Endesa lança plano de formação em Abrantes. Saiba para quem
- 23/01/2026
Criada em 2023 no âmbito do Plano Global de Formação associado ao encerramento da central a carvão do Pego, a Escola Rural visa promover novas oportunidades de emprego e apoiar a fixação de população na região abrangida pelo Projeto de Transição Justa (FTJ), disponibilizando cursos gratuitos e certificados dirigidos prioritariamente a ex-trabalhadores da central, residentes locais, desempregados e mulheres.
Fonte da multinacional indicou à Lusa que o projeto da Endesa para Abrantes, no distrito de Santarém, "está em curso e em fase de tramitação ambiental", adiantando que, até final de fevereiro, será apresentado o Plano Estratégico da empresa, ocasião em que, entre outros, será feito um ponto de situação do investimento previsto para o Pego.
O plano formativo para o primeiro semestre de 2026 mantém a aposta em três áreas estratégicas: energias renováveis, setor primário e capacitação transversal em gestão e tecnologia, com ações a decorrer em Abrantes, Gavião, Ponte de Sor, Chamusca e Crato.

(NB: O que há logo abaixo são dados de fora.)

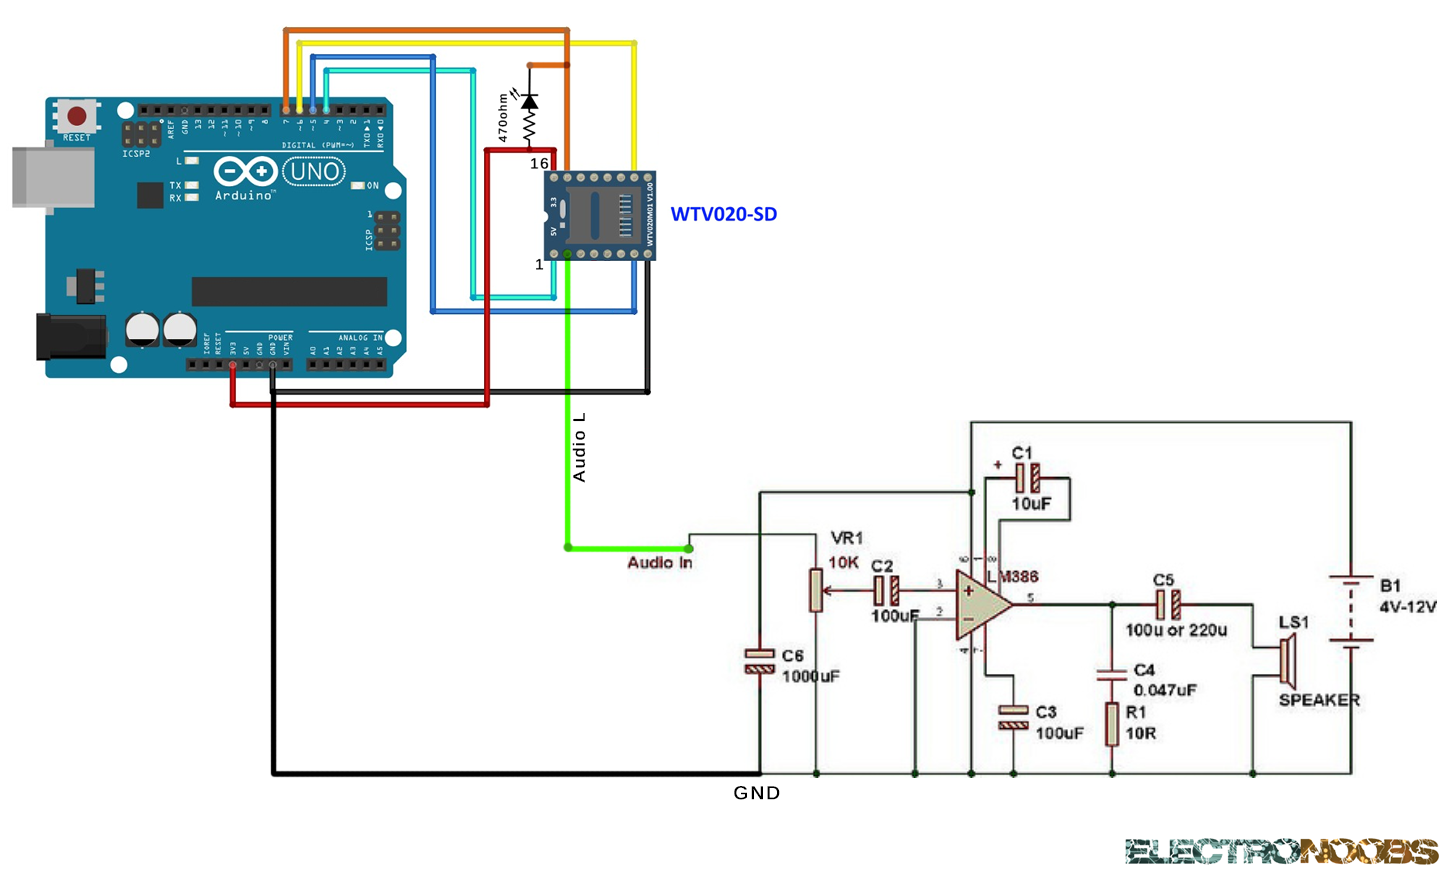 Sound amplifier for WTV020-SD sound MODULE on arduino mosfet, arduino computer, in-wall audio amplifier, arduino microcontroller, ipad audio amplifier, raspberry pi audio amplifier, arduino microphone, design audio amplifier, arduino oscilloscope, arduino bluetooth, tv audio amplifier, diy audio amplifier, sony amplifier, hi fi amplifier, audio power amplifier, mini stereo amplifier, arduino uno data sheet, surround sound amplifier, wifi audio amplifier,
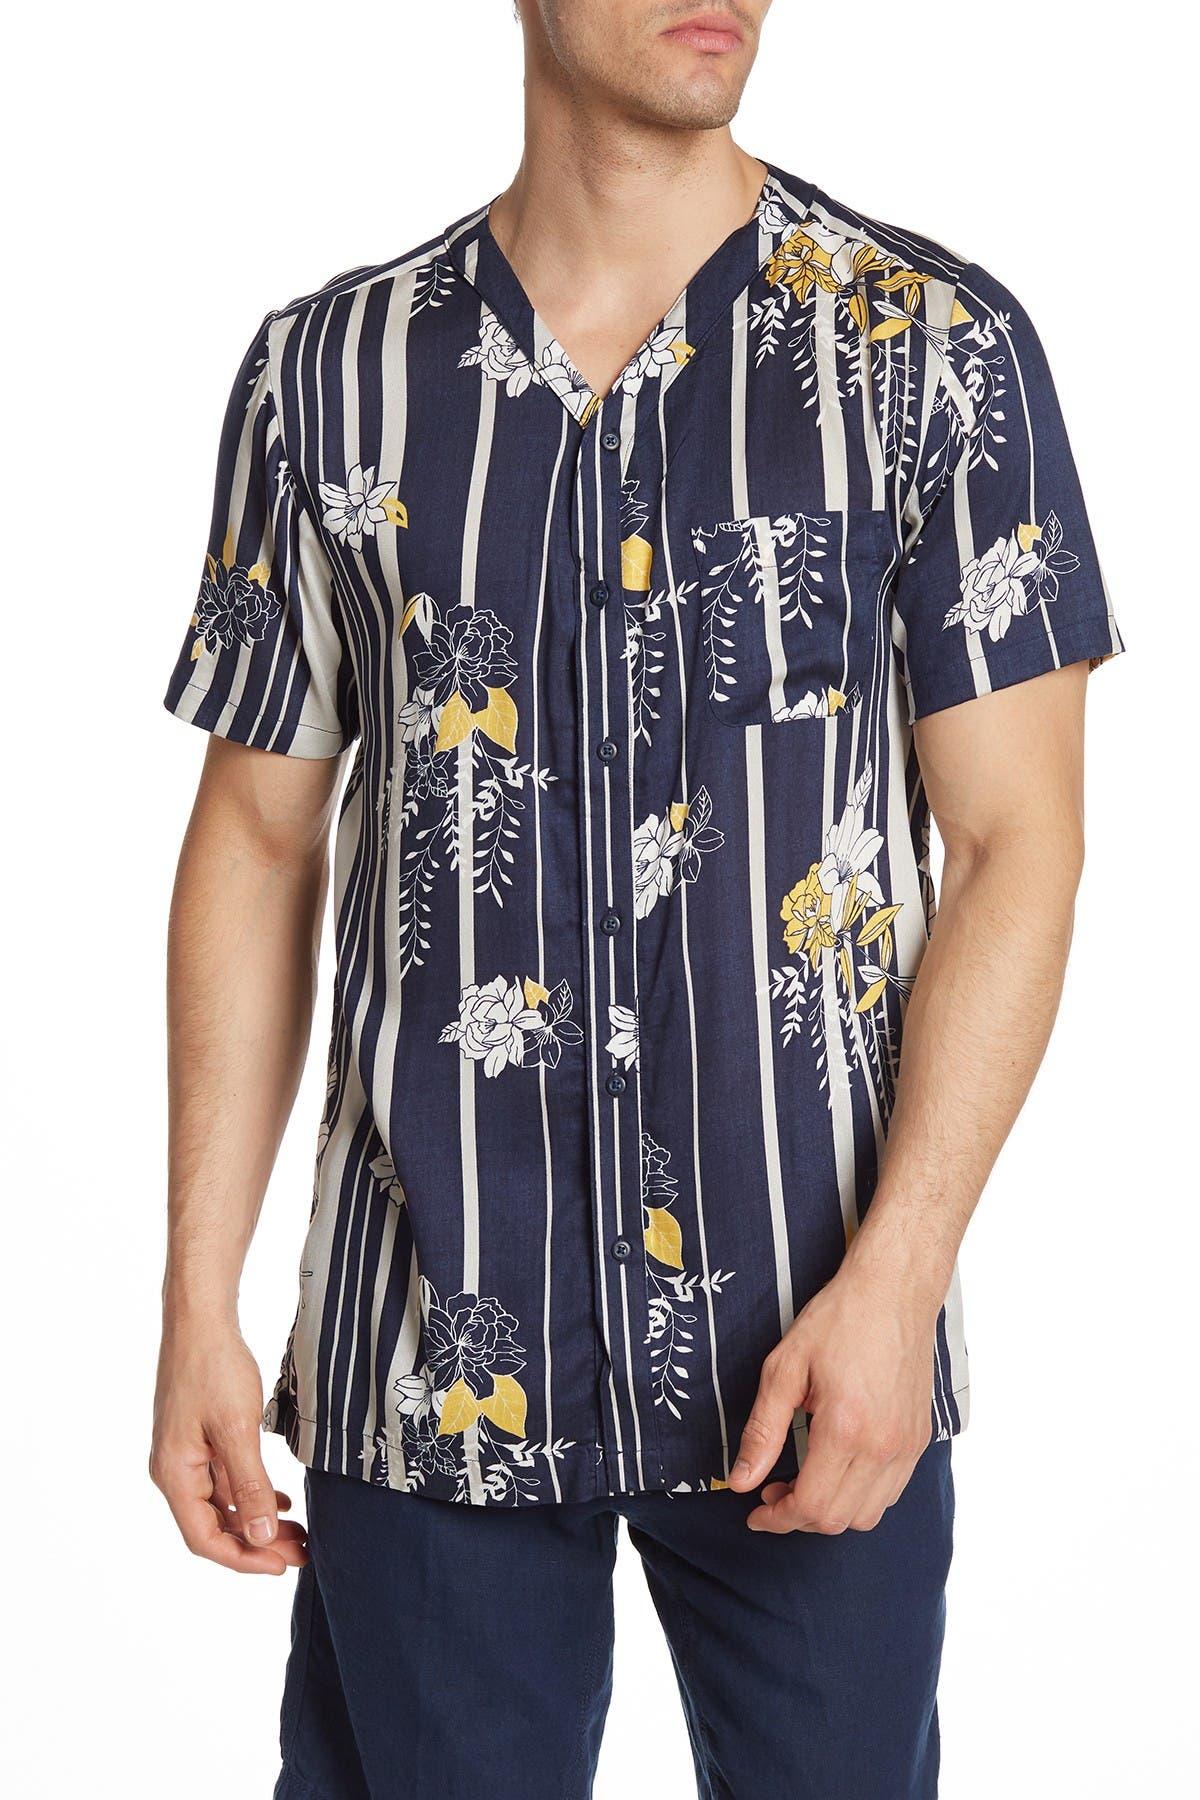 Image of Onia Luca Shirt

Desde o seu lançamento, a Escola Rural já qualificou 707 formandos, tendo 43 conseguido emprego graças às competências adquiridas, segundo dados divulgados pela Endesa, num total de mais de 3.000 horas de formação ministradas.
Com o fecho da central a carvão do Pego, em novembro de 2021, a Endesa obteve em 2022 o direito de ligação à Rede Elétrica de Serviço Público (RESP) para instalar 365 MWp de energia solar e 264 MW eólica, com armazenamento de 168,6 MW e um eletrolisador de 500 kW para hidrogénio verde.
O projeto prevê 600 milhões de euros de investimento, 75 postos de trabalho permanentes e a reconversão profissional de 2.000 pessoas, priorizando os antigos trabalhadores da central e integrando a população local na estratégia de transição justa da região.
A Endesa é a maior elétrica espanhola e a segunda na distribuição de gás em Espanha.